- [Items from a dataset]
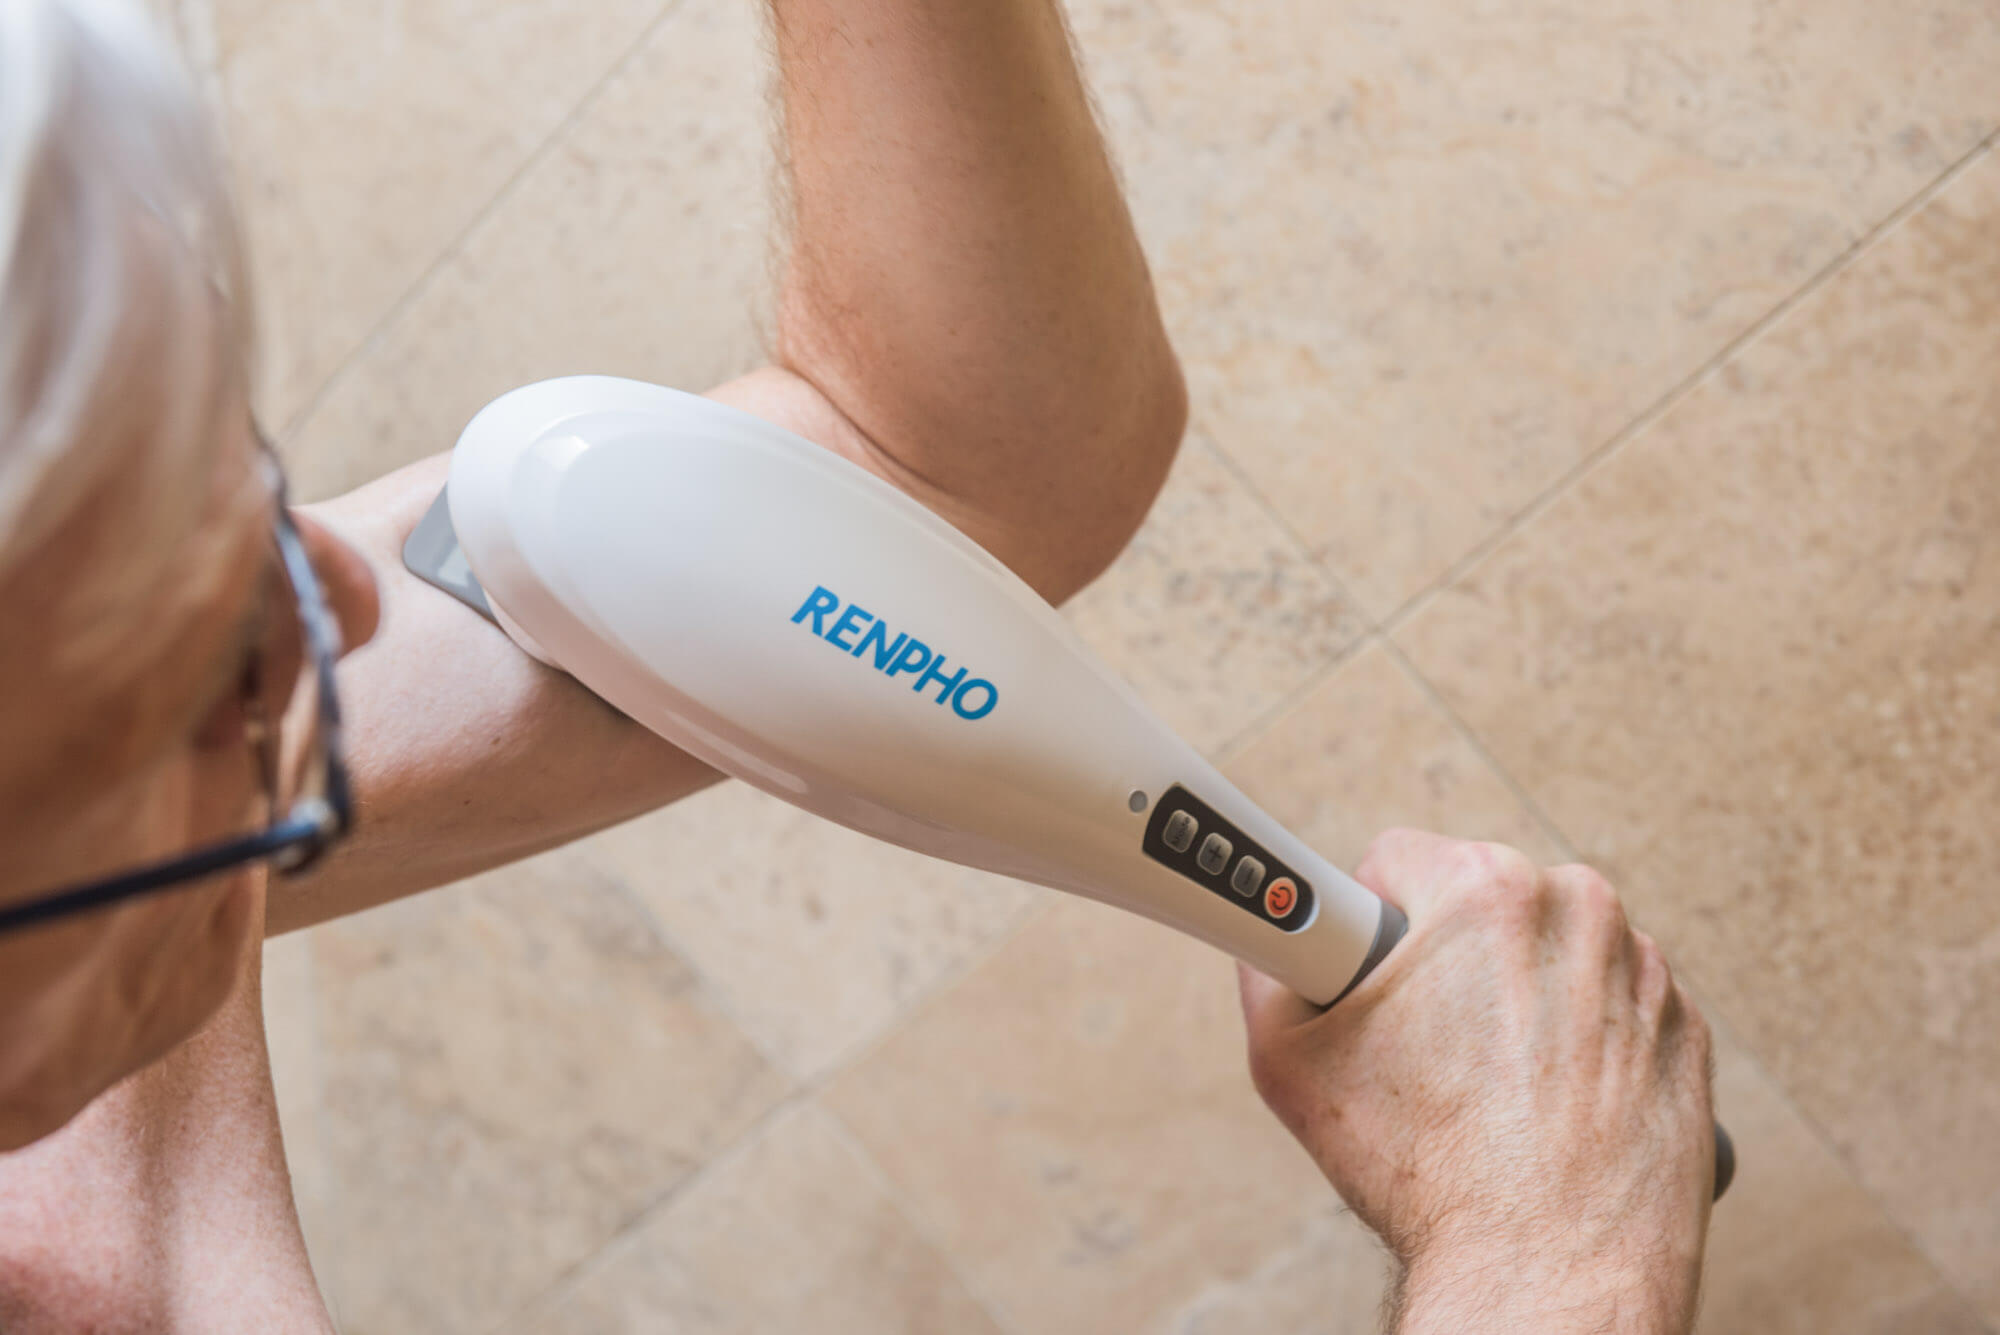 RENPHO Back Massager Handheld Rechargeable Hand Held Massage for Back,  Neck, Leg, Foot, Deep Tissue Muscle Massager
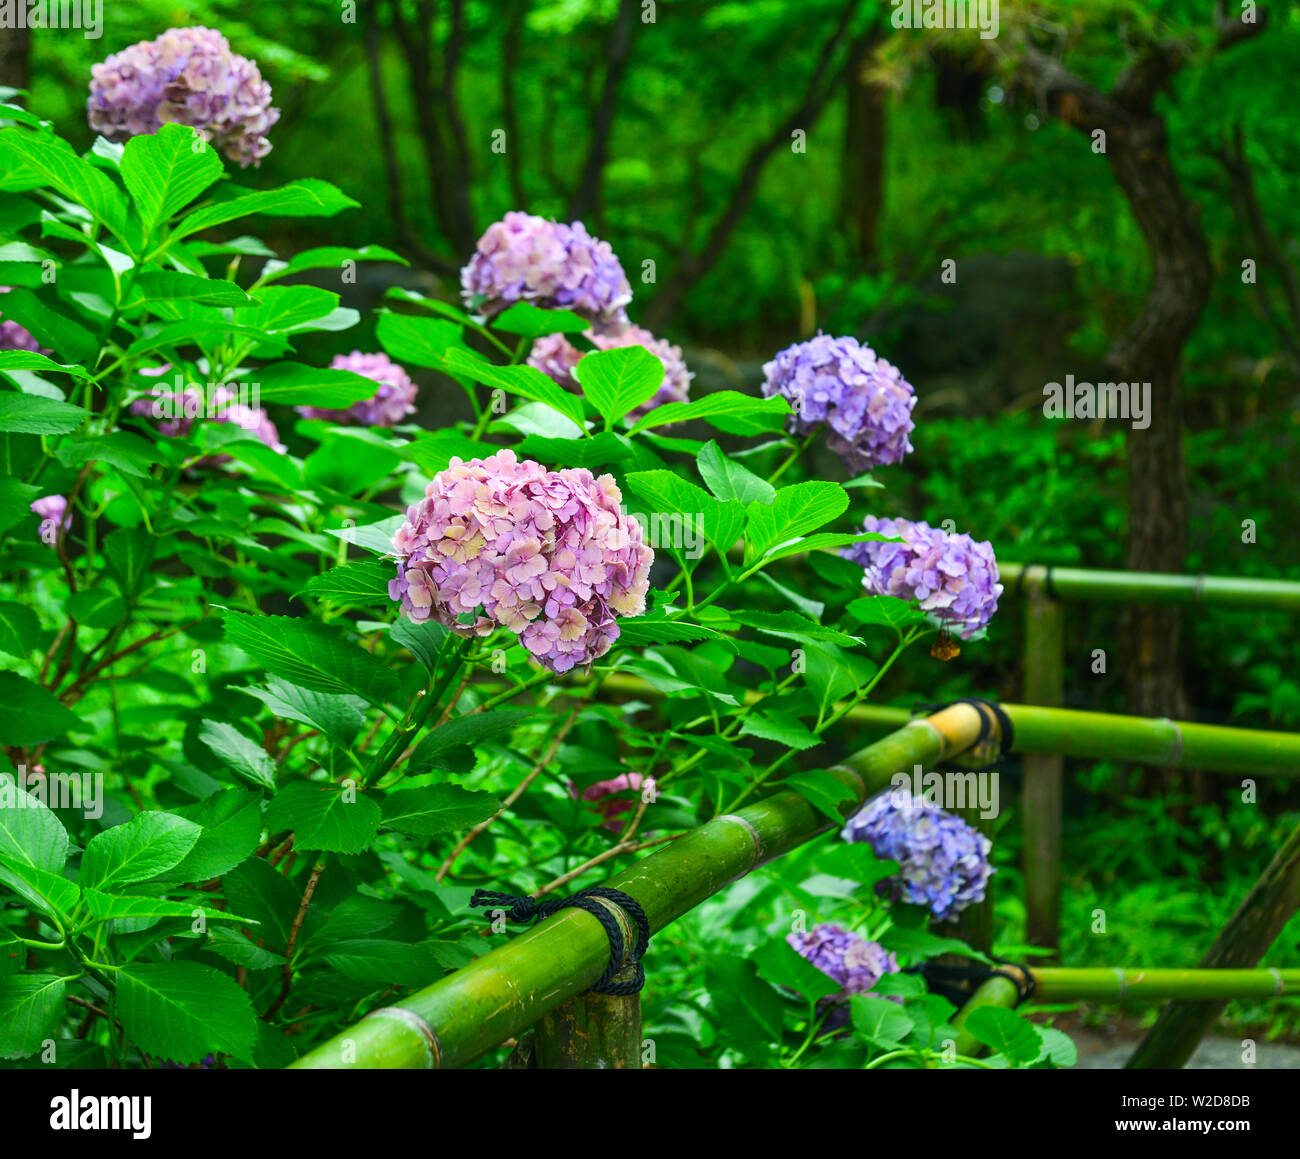 Ajisai Flower Hydrangea Blooming In Spring And Summer At Botanic Garden Stock Photo Alamy
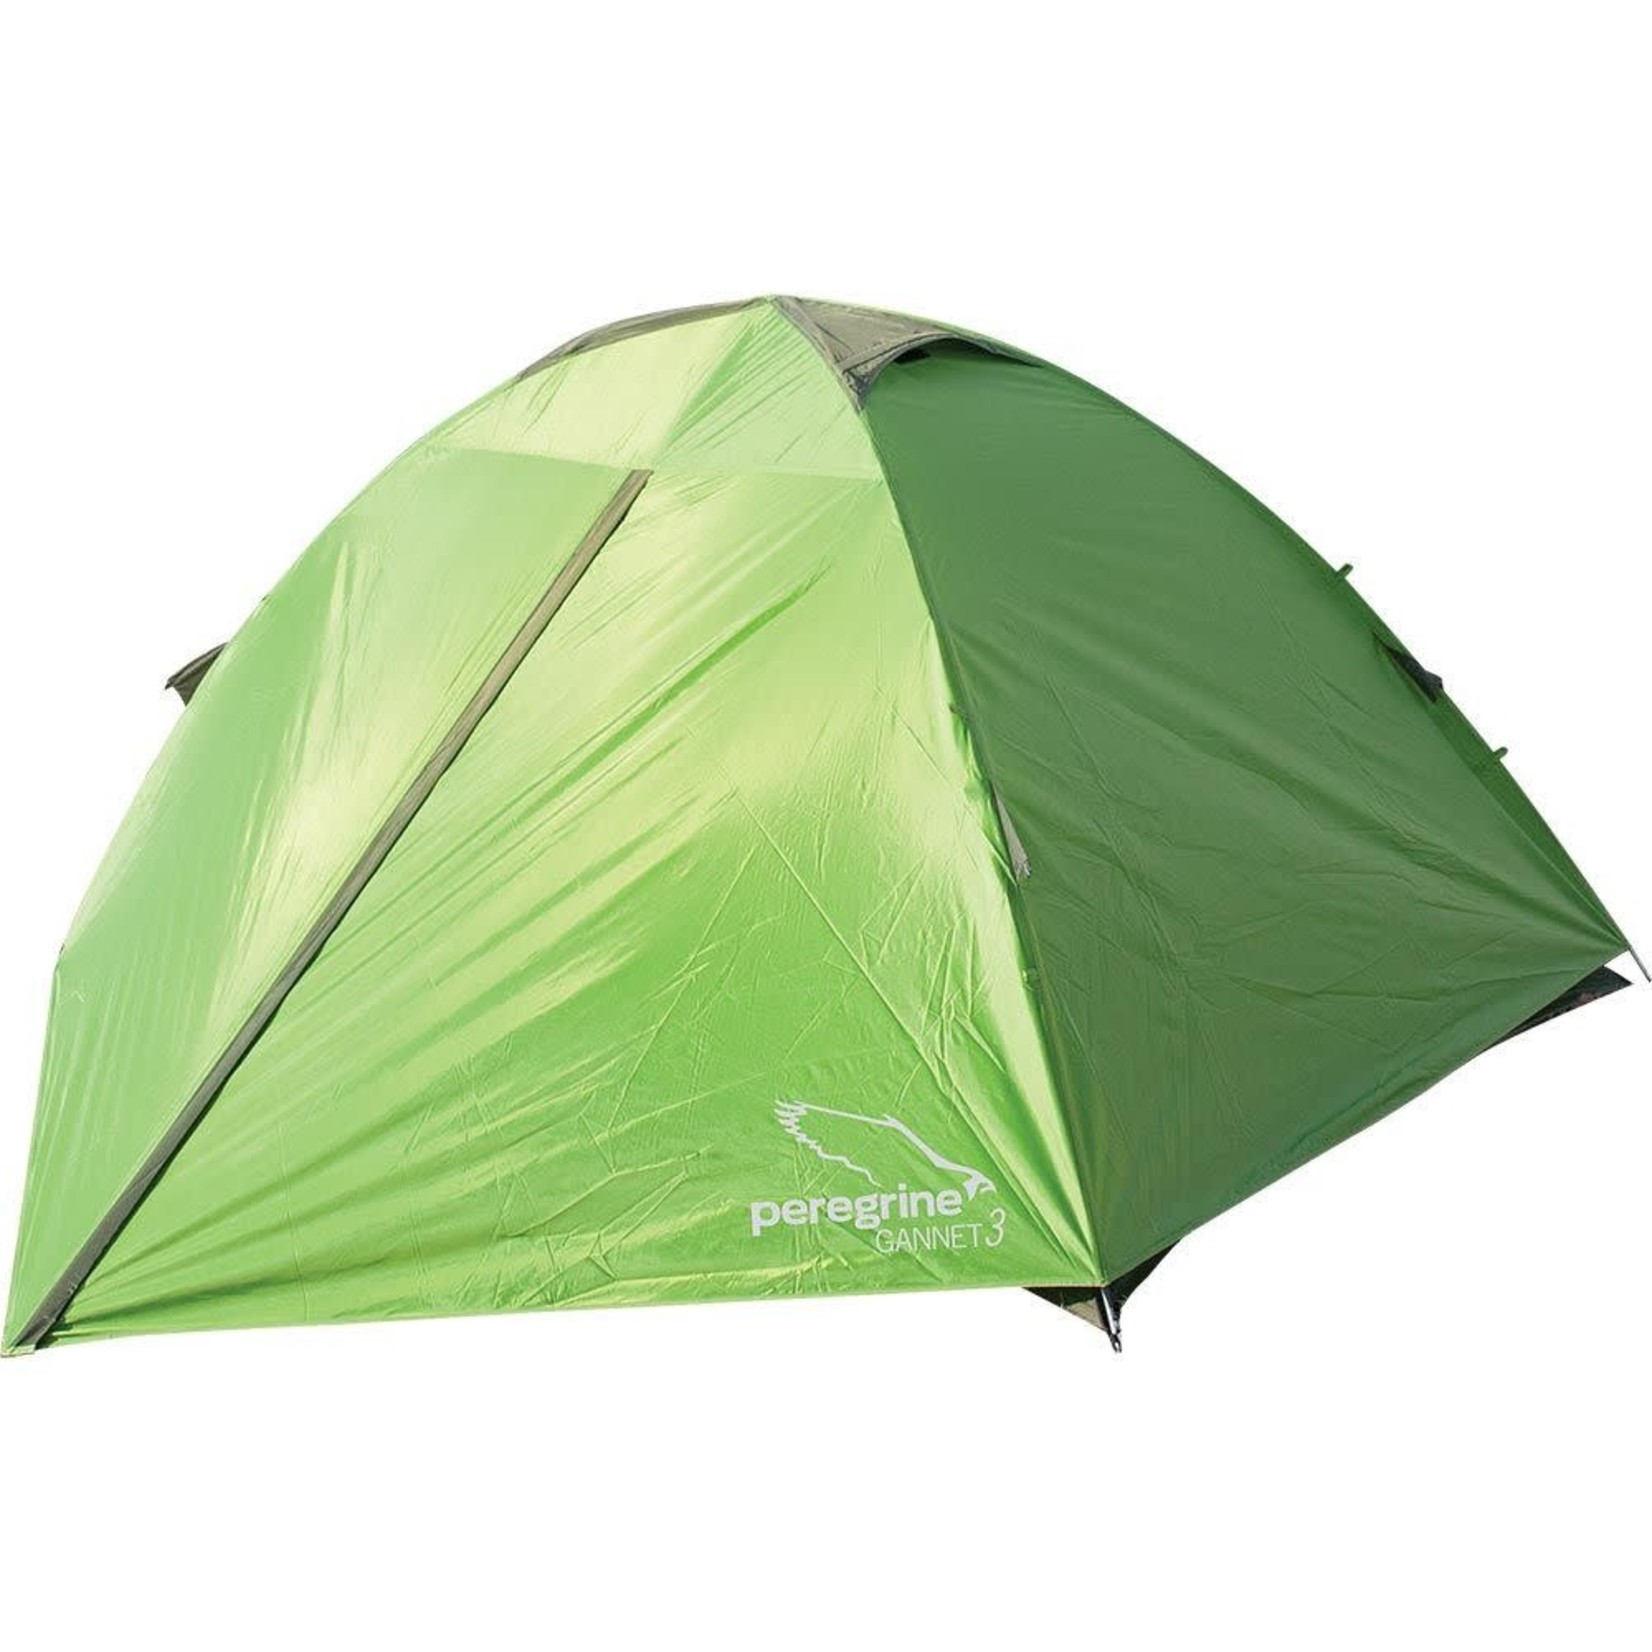 Peregrine GANNET 3P tent & foot pad
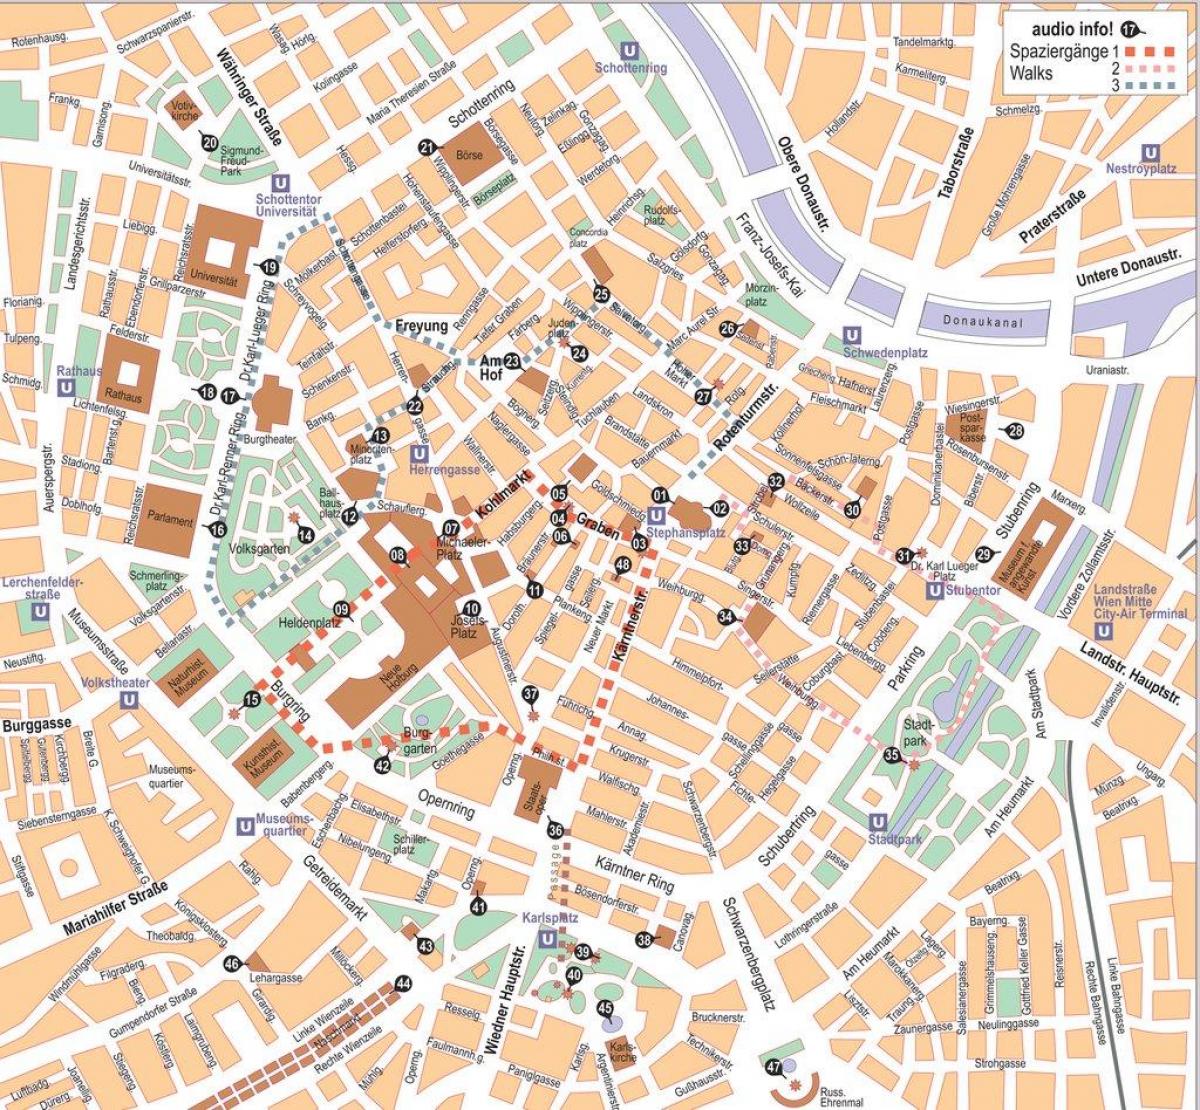 offline mappa di Vienna
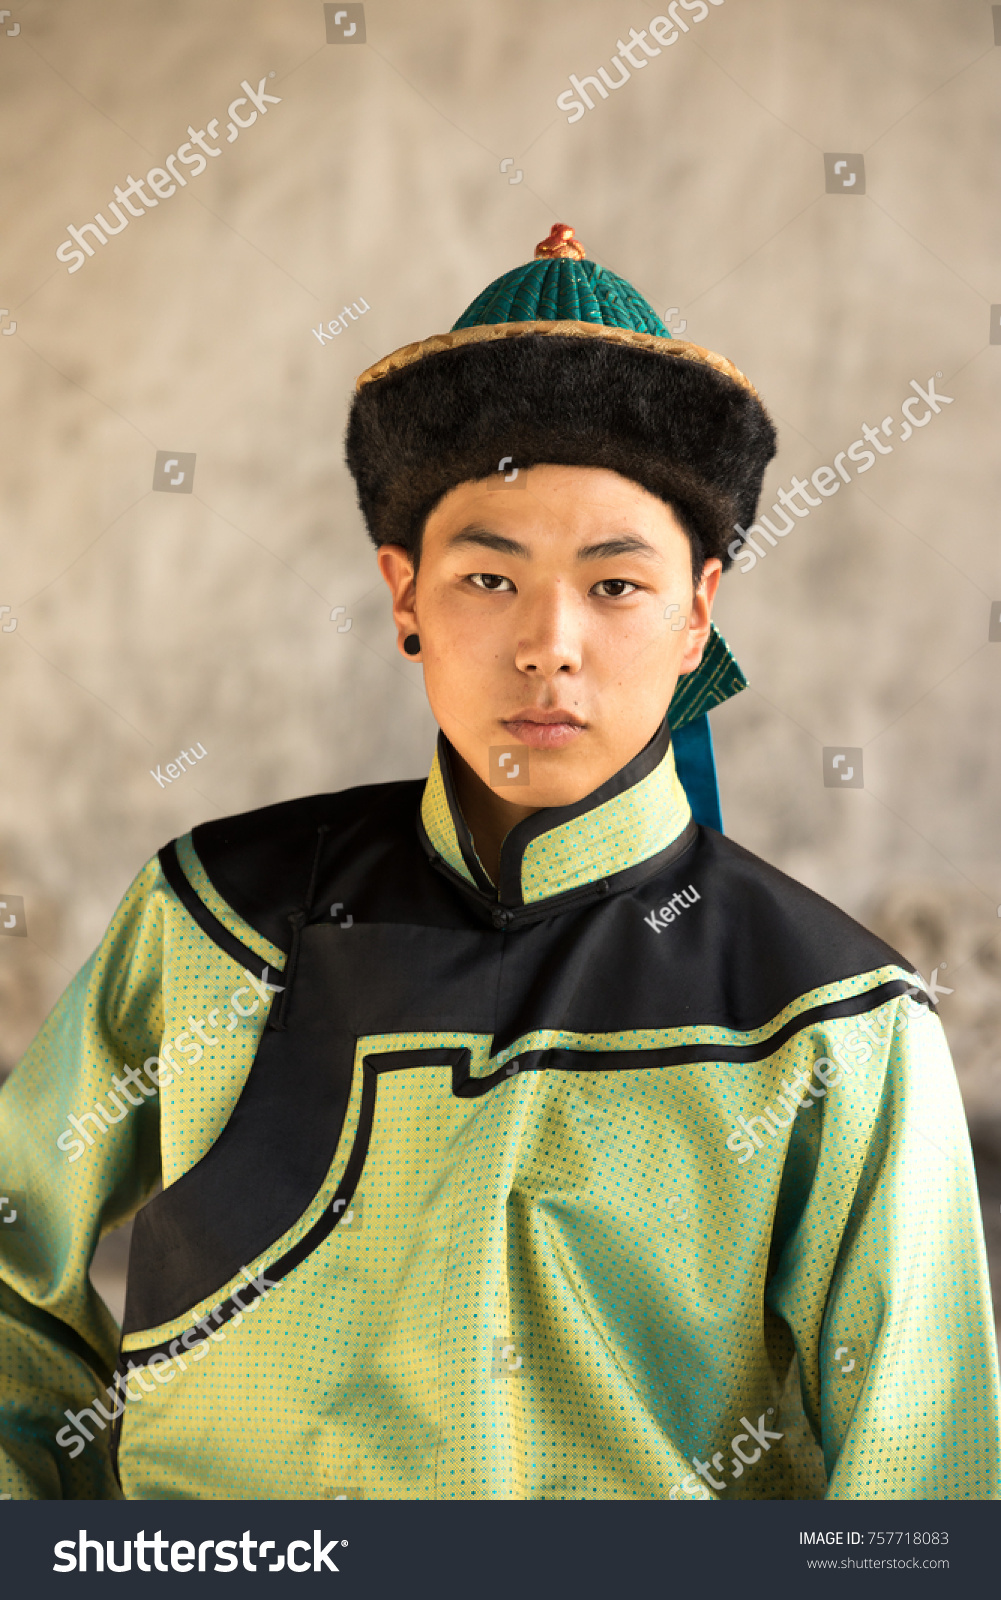 Pin on Mongolian clothing

- [Your objective] Omitting all pictures, reproduce the records above in their entirety.

- [Result of this exercise]
 RENPHO Back Massager Handheld Rechargeable Hand Held Massage for Back,  Neck, Leg, Foot, Deep Tissue Muscle Massager
 Ajisai Flower Hydrangea Blooming In Spring And Summer At Botanic Garden Stock Photo Alamy
 Peregrine GANNET 3P tent & foot pad
 offline mappa di Vienna
 Pin on Mongolian clothing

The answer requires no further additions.